John Blanchard said, “What is more, He is jealous for you now, jealous for your spiritual welfare, jealous for you in every temptation and trial, jealous lest you should be robbed by covetousness, compromise, worldliness, prayerlessness or disobedience in any shape or form. He is jealous that you should have that fullness of blessing, those riches of grace that He longs to bestow upon every one of you His people” (Truth for Life, A Devotional Commentary on the Epistle of James).

Let’s remember that even a desire for a good thing becomes a bad thing when it becomes a ruling thing that eclipses the love of God in our hearts.

Now, I admit even despite an understanding of God’s jealousy and the strong warning about God’s hostility that this is not easy. The pull of the world can be intense. The desires we allow to be put on our hearts can seem outright irresistible. But we must always remember that God will always give what He demands (Augustine). The power of the world can be resisted because as verse 6 indicates, “He gives a greater grace” (cf. Rom. 5:20b; Heb. 4:16). He gives His children all they need to find Him more attractive than the world. In His love for us He battles on our behalf.

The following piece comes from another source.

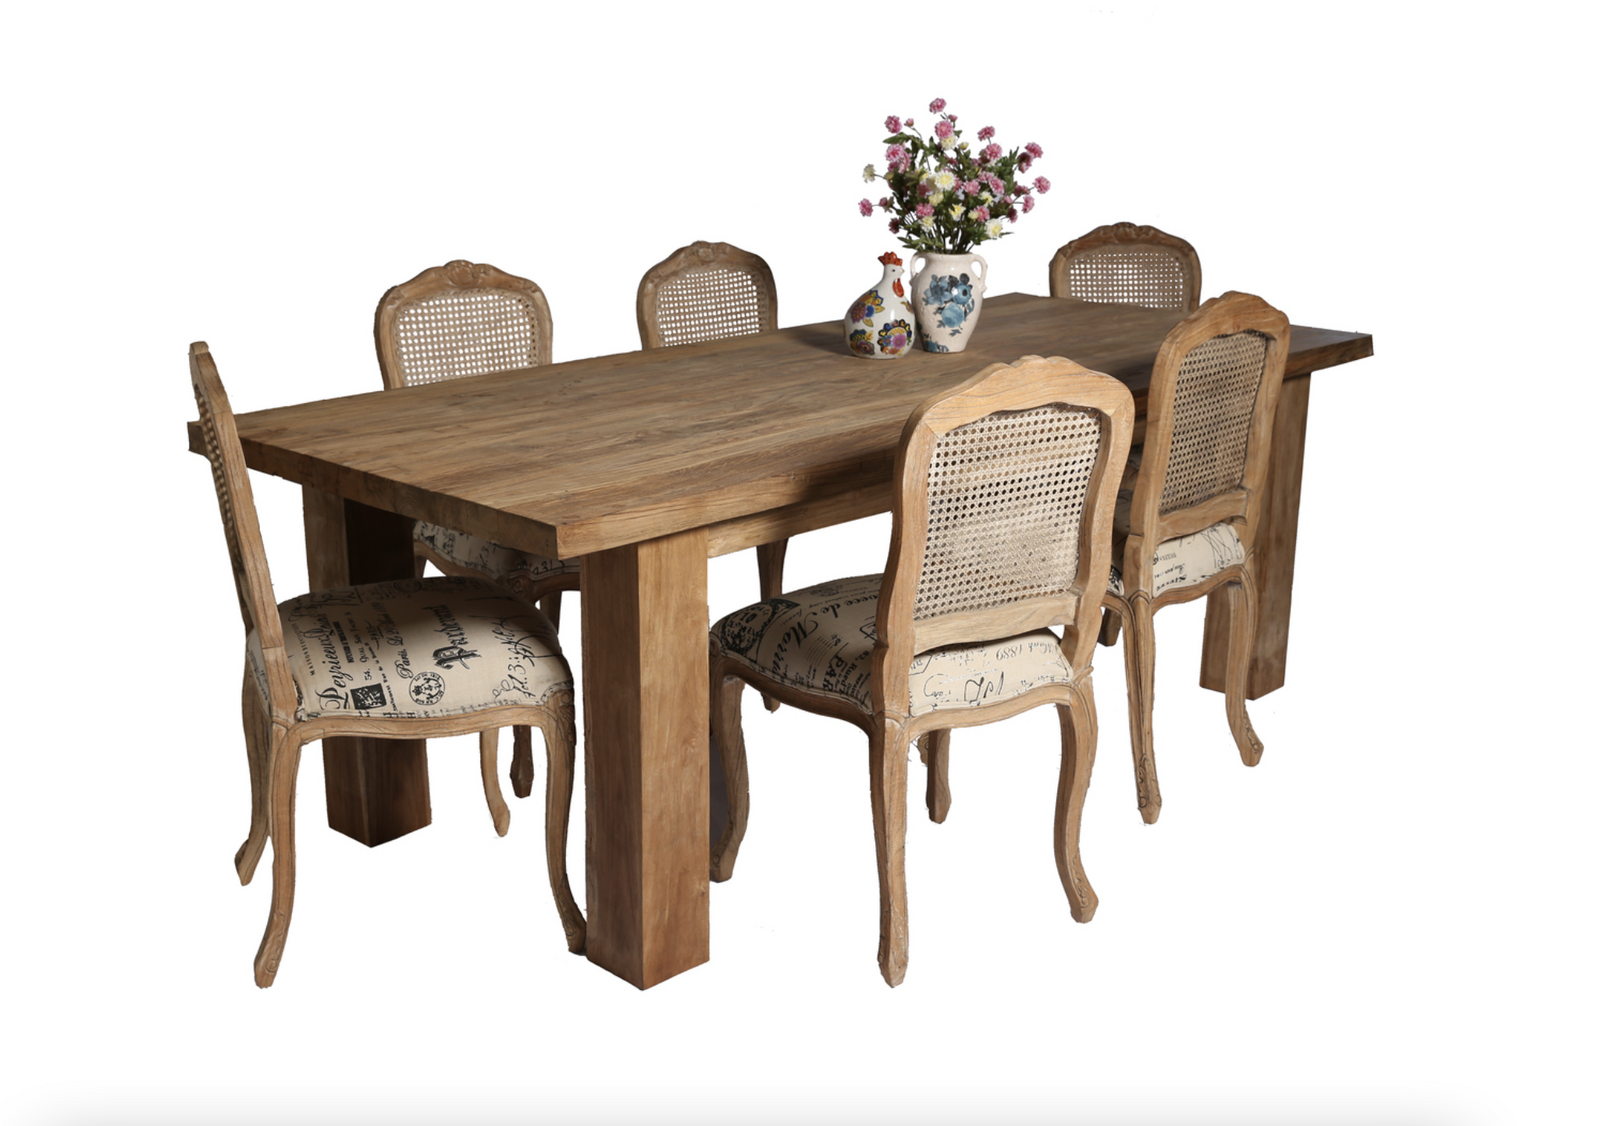 TOWN & COUNTRY | TIMBER DINING TABLE

He giveth more grace when the burdens grow greater,
He sendeth more strength when the labors increase,
To added affliction He addeth His mercy,
To multiplied trials, His multiplied peace.

His love has no limit, His grace has no measure,
His power no boundary known unto men,
For out of His infinite riches in Jesus,
He giveth and giveth and giveth again.

(Annie Johnson Flint)

But there is a condition to receiving this grace as the remainder of verse 6 indicates. In quoting Proverbs 3:14 we read, “Therefore it says, ‘God is opposed to the proud, but gives grace to the humble’” (cf. 1 Pet. 5:5).

If you want God’s empowering grace you must have a humble heart. First this means that you have trusted Jesus Christ as your Savior, and second it means that you admit you have room to grow and need God’s strength, His help to succeed. Run to God for that grace to battle sin and not away from Him in your sin.

In verse 9 we are told to “be miserable and mourn and weep; let your laughter be turned into mourning and your joy to gloom.” What does that tell us?

It’s that though the Christian life is one of joy, there is mourning over our sins and the sins of other believers. It is because we have the heart and mind of Christ and know how much sin breaks God heart and because of our love for God, it breaks our hearts as well.

Christian, God loves you. And in that love, the living God wants nothing to come in-between this exclusive relationship He has with you.